We Need More Storage Than Library Of Congress, CIO Says
Posted by Bob Evans on Mar 30, 2009 08:36 AM
Kaiser Permanente CIO Phil Fasano says KP's medical-imaging projects have become so massive that they exceed the storage requirements and consumption of the Library of Congress. And those requirements, he says, are still growing.
Among the leaders nationwide in creating robust systems for electronic health records, Kaiser Permanente is faced with the consequence of the medical-image challenge: creating, storing, and particularly moving a large and rapidly growing volume of enormous data sets. And meeting that challenge is soaking up a big chunk of Fasano's 2009 IT budget, which he indicated is about 5% larger than 2008's. Here's how Kaiser Permanente is trying to attack the problem:
"Like many large hospitals and clinics we allocate massive terabytes at this issue.

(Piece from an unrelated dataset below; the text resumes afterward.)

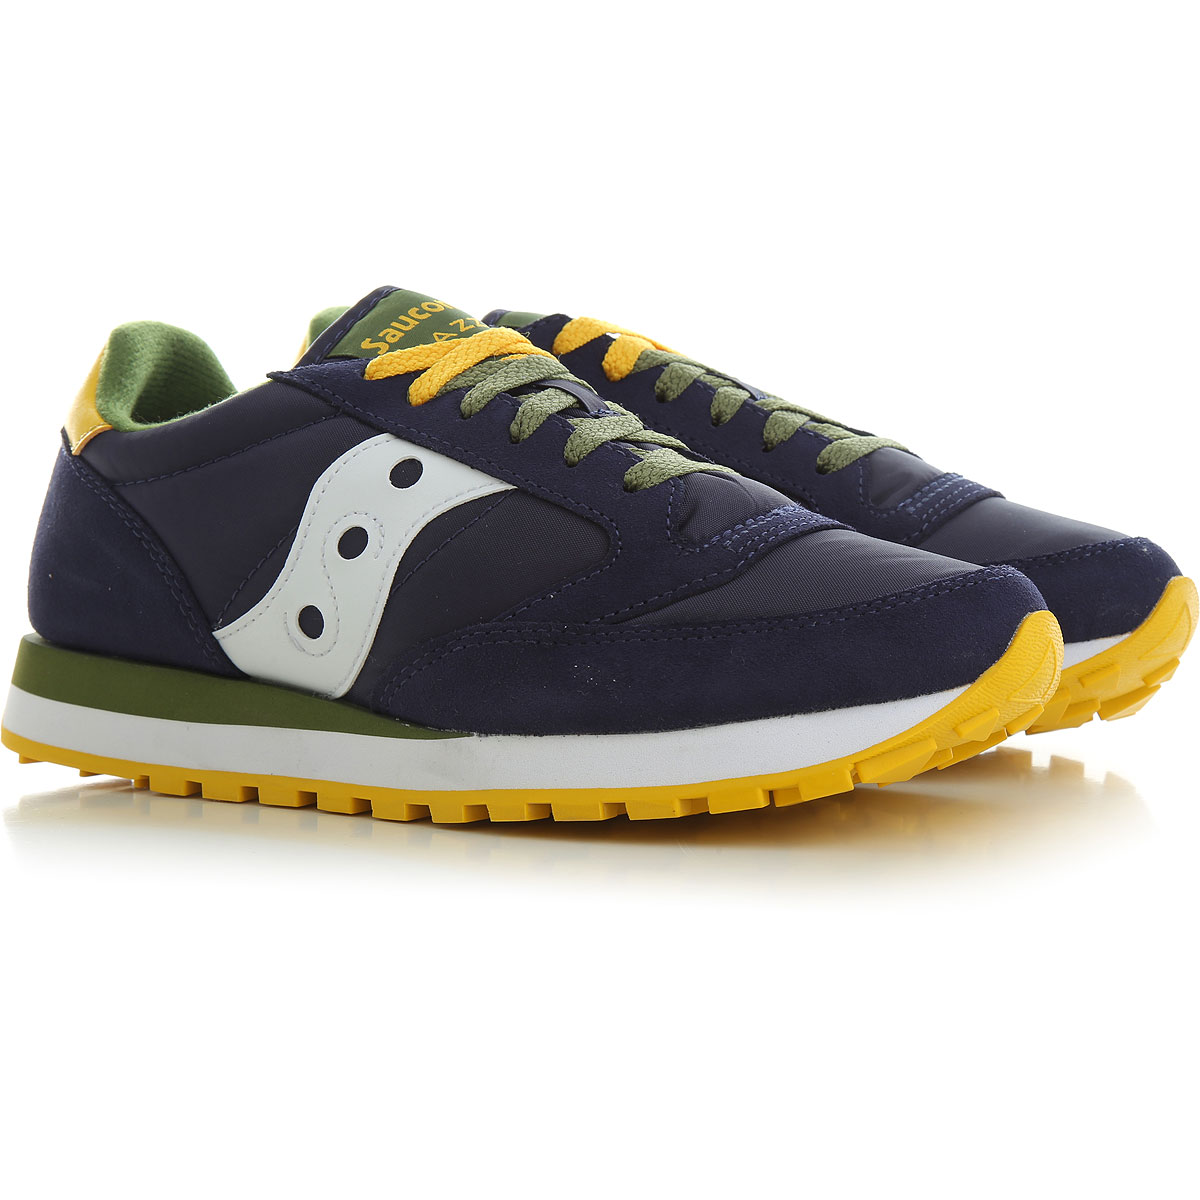 Mens Shoes Saucony, Style code: s2044-616-

We have a very substantial medical-imaging program across the organization," Fasano told WTN in a recent interview.
"We have a very, very large and substantial medical-imaging archived program that's embedded in our investment program as an organization. Like many healthcare providers, we are struggling with the fact that medical images have come on the scene as a very, very substantial consumer of storage and the growth. This area is explosive and we are experiencing like others that same growth curve of storage requirements."
Fasano said IT vendors need to come up with new compression technologies to handle the storage challenge driven by the massive increase in medical imaging.
"The challenge, I think, for everyone in the industry is going to be two-fold: one is how do we deal with the abundance of data, and then how do we push the manufacturers to find ways to compress it further and help us really achieve and support our storage needs that we are going to need in the future. Our IT organization and our data centers, currently to our knowledge, are substantially the largest in the healthcare industry," Fasano said in the WTN article.
"In fact our storage systems and requirements are larger than the Library of Congress in our storage consumption and needs, and that grows substantially year over year."